The list of subjects of the first season is a nod to the degree of innovation that sets this work apart from a more programmatic History Channel approach. Some of these folks were very highly regarded at the height of their popularity and still bare a high degree of name recognition in the present, while others contain characters with compelling stories far from the gaze of public recognition. The installments featuring stars Audrey Hepburn and Sammy Davis Jr. are wonderful meditations that A&E would be lucky to run, endowed with the verve and editorial musings of a talented comedic journalist. To quote the summary text of the show’s season 1 trailer, “Even if you know the names, you’ve never understood why they matter…until now.” Still, the more novel episodes are the more inventive takes via a theme - such as “Sitcom Deaths and Disappearances” or “The Forgotten Forerunners.” Not only do these episodes open up a reflective conversation on some implicitly unquestioned bit of cultural history - reminiscent of Decoder Ring - but they ruminate on what it means to leave behind a legacy.

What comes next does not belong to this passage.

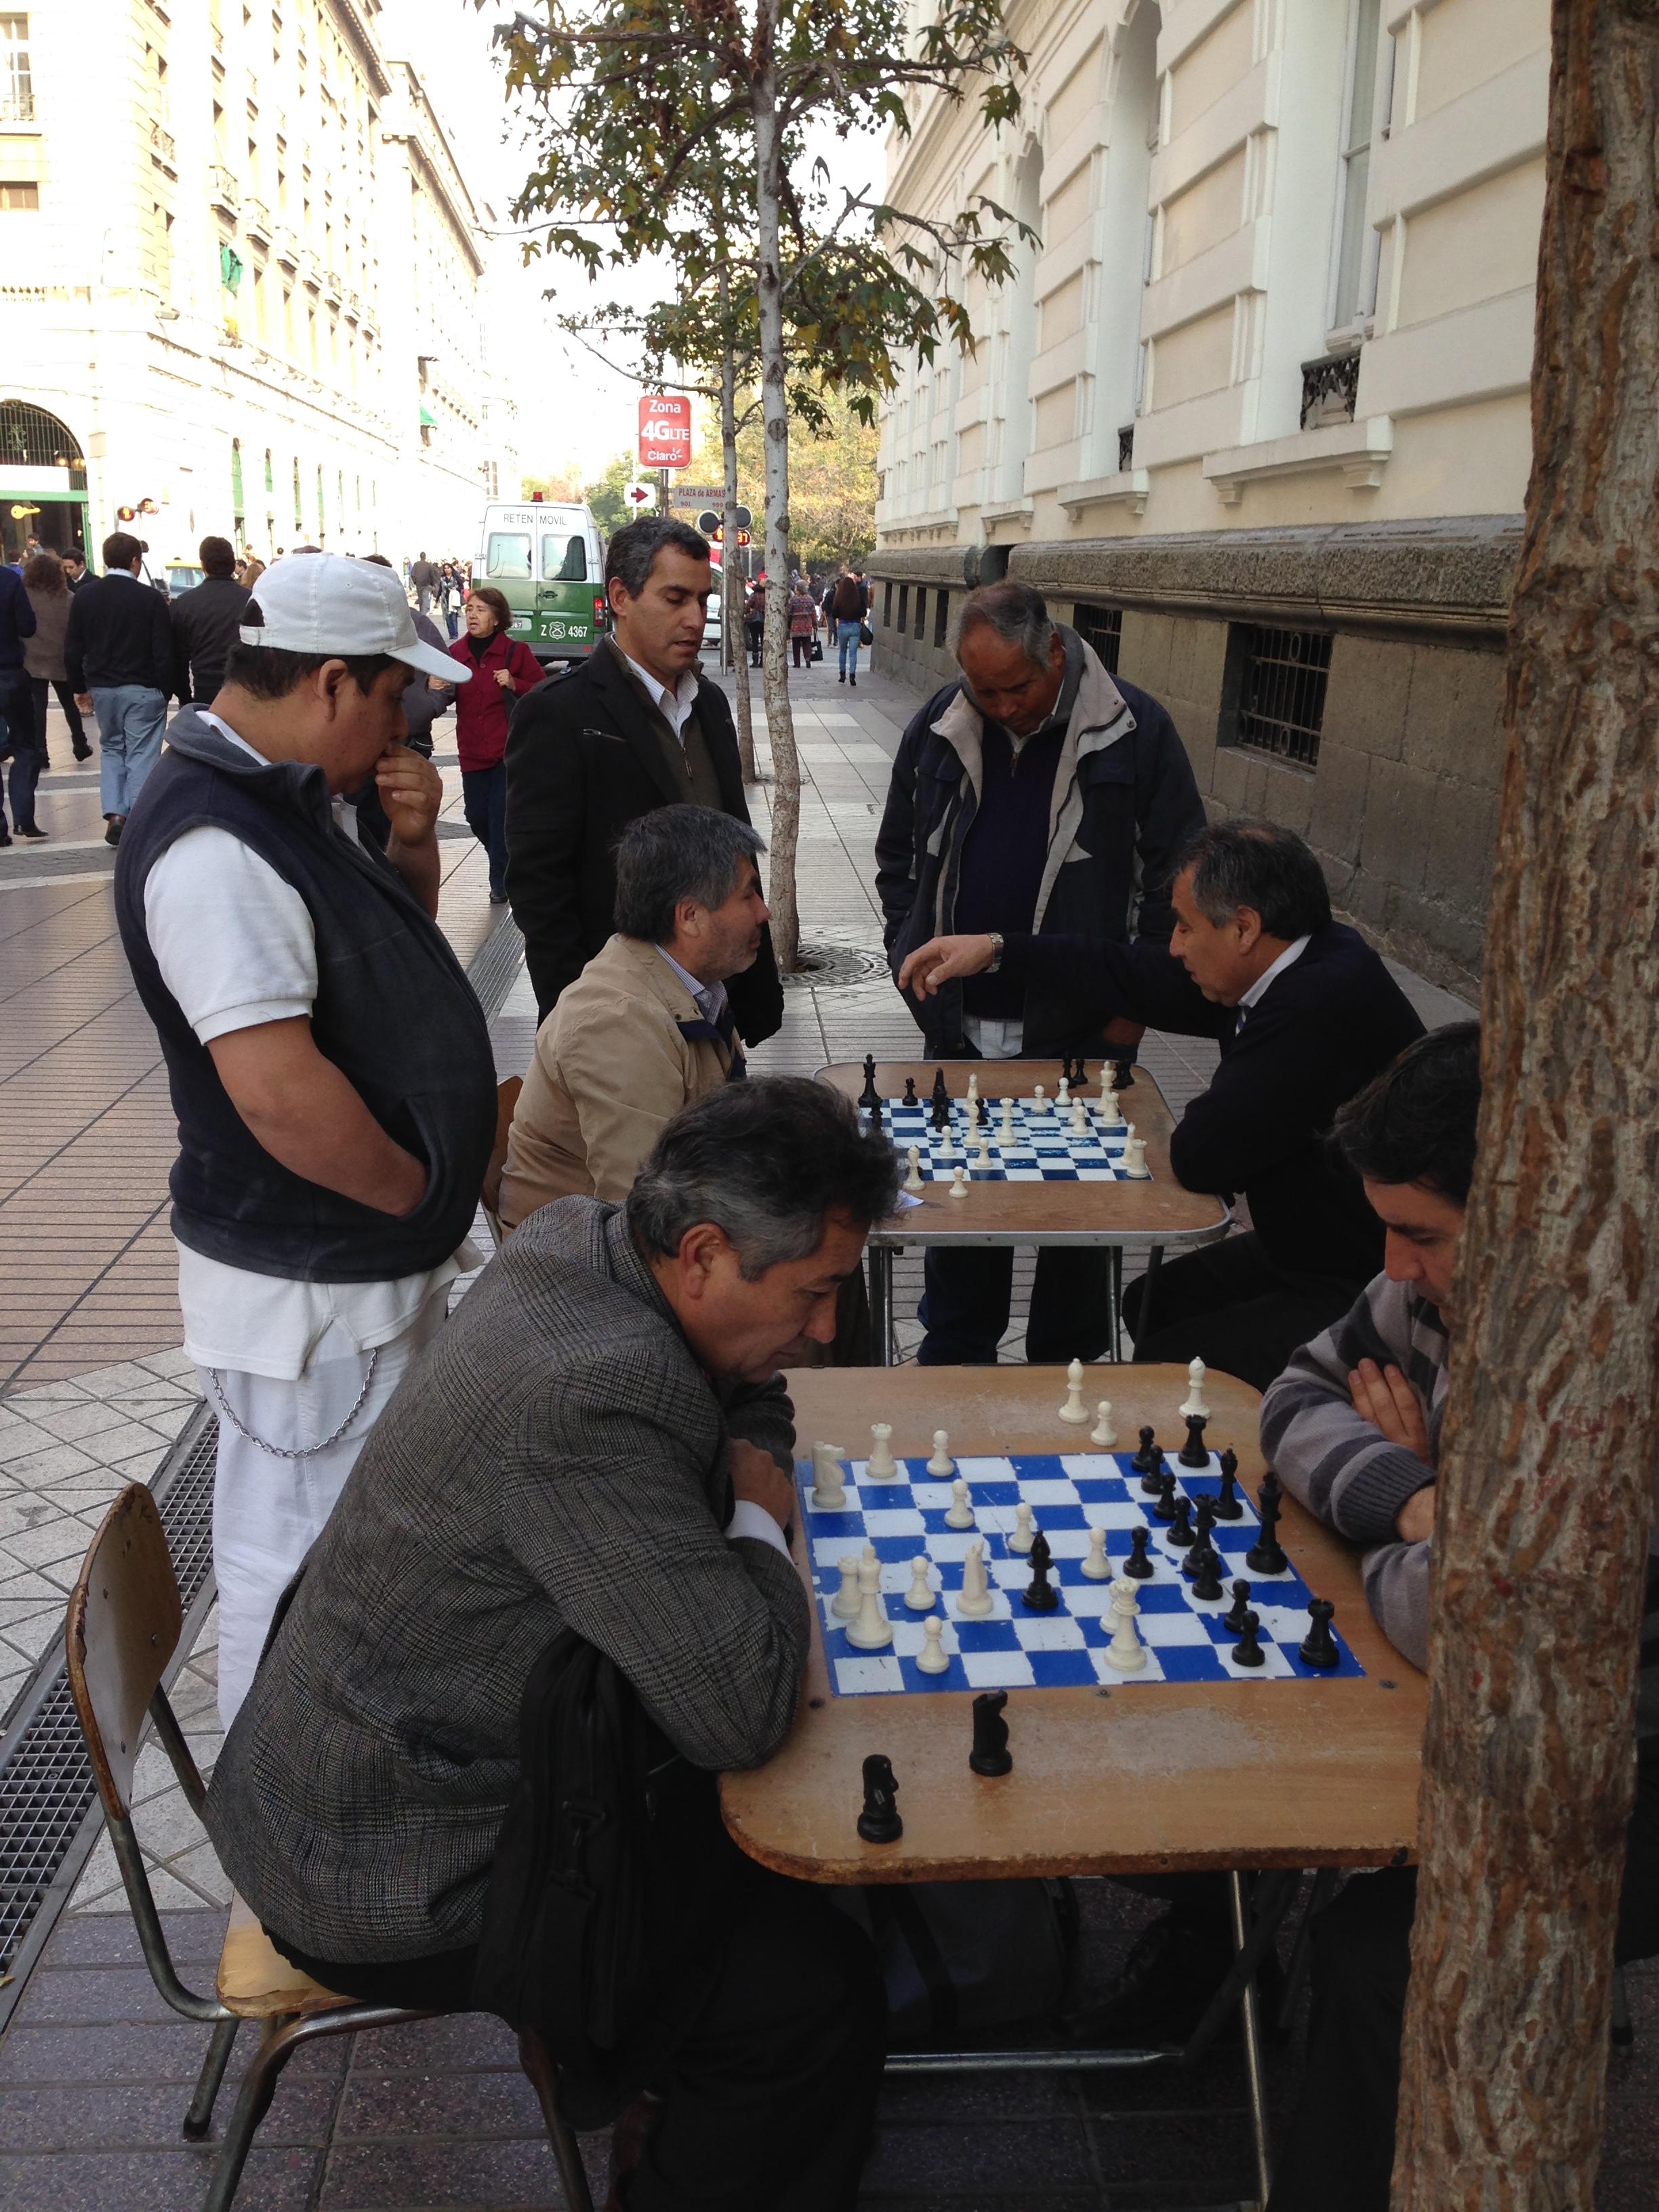 En Santiago son muy comunes las partidas callejeras de ajedrez

“Death of a Tree: Roots of a Rivalry” diverges most widely from the mold, such as it is. The episode channels the combination of topics most likely to find an audience in the world of podcasts - sports and true crime - and weaves a tale that is so frustratingly American one can’t help but marvel at its existence. (Can it really get much more patriotic than football, crime, and a deeply misguided sense of a rallying around a common cause?) The episode follows the deep seated rivalry between two southern universities, Auburn and Alabama, and a crime that engenders even more lunacy than one might expect from the sort of irrational hatred beget from college sports rivalries. At one point Rocca mentions how he is being sucked in by the character at the heart of this story, Harvey Updyke, and reminds himself that impartiality is more important in a true-crime story. It’s a poignant thought, kind of what the whole series hinges upon: that the subjectivity of memory can be as fickle when active as it is when it slips passively into place via years of neglect.

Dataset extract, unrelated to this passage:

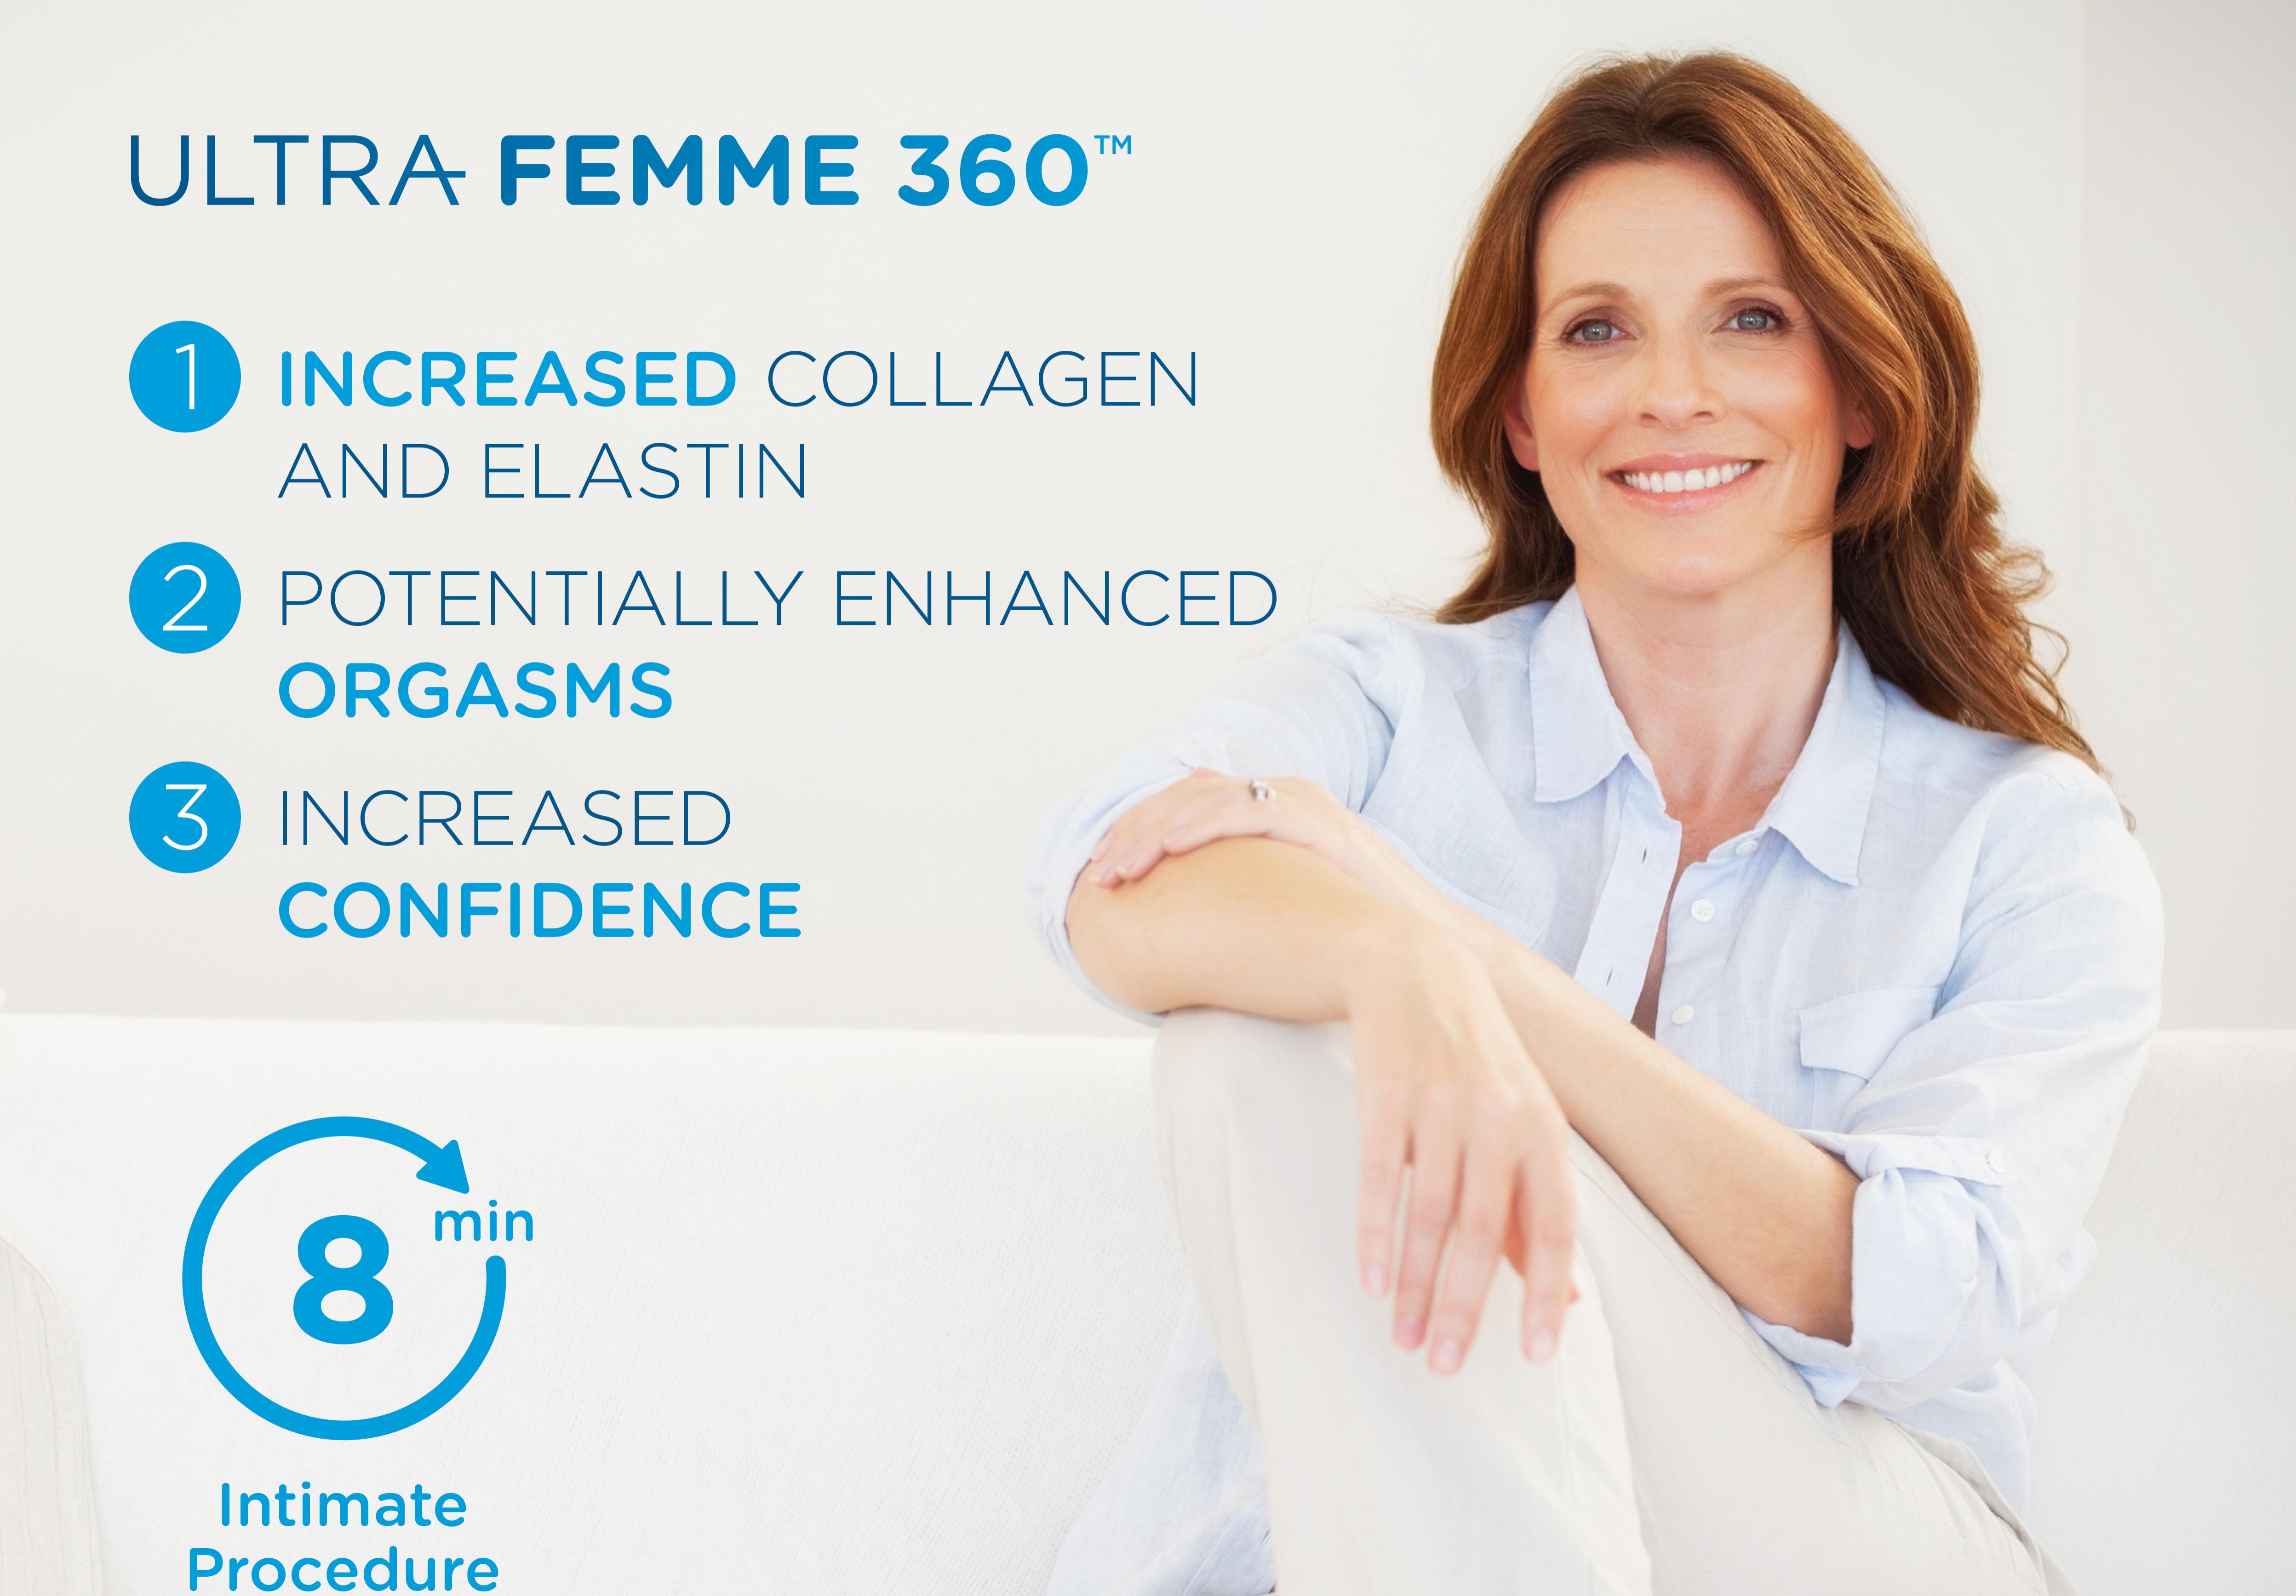 Ultra Femme 360 Benefits

Our memories have the power to implicitly exploit something after it comes safely to a stop while we journey forward. It’s not just the sense of of kinship Rocca admits to feeling for Updyke, unfolding in the not-too-distant past, but also the towering admiration for figures in the Auburn/Alabama rivalry like Bear Bryant or the trees on the Auburn campus. The lives that perish from this earth are rooted in an inexorably static state while the realm of the living spirals frantically onward. We repurpose things out of laziness and remember details not as they were but as they might’ve been. It’s not always malicious, and in fact it isn’t usually even something we return to at all unless prompted. That’s the genius of Mobituaries, really. Taken individually, any one of these episodes stands with the best of podcast storytelling. But collectively the show acts as a playful push for listeners to reexamine their relationship to memory and the legacies that implicitly form and cement over time.

From: Standalone
Recommended for: Those who have a bone to pick with the dead...or at least those who try to put the dead in a box (not specifically morticians, but also, probably, morticians would enjoy this show)
Drop Schedule: Thursday, Seasonal:Weekly (all episodes available now)
Average episode length: 45 minutes
Rating: Gotta Have It

THE LIST

The complex relationship between immigration and assimilation, as told through the lens of public shame in Switzerland. I was challenged to think about the movement of people around the world, across borders, and betwixt cultures in a new way.

If you are a fan of college football, tune in. If you are a fan of true-crime, tune-in. If you are a reader who usually skims Something New, go back and read it for a more complete picture of this episode, if desired, and then tune in.
This collaboration with new NPR podcast Throughline is all about planned obsolescence, when a company designs a product to fail faster. It incorporates a fictional story tied quite closely to a crazy nonfictional history, an excellent omnipresent soundtrack ala The Terminator, and a realization that we are all living in the world described herein.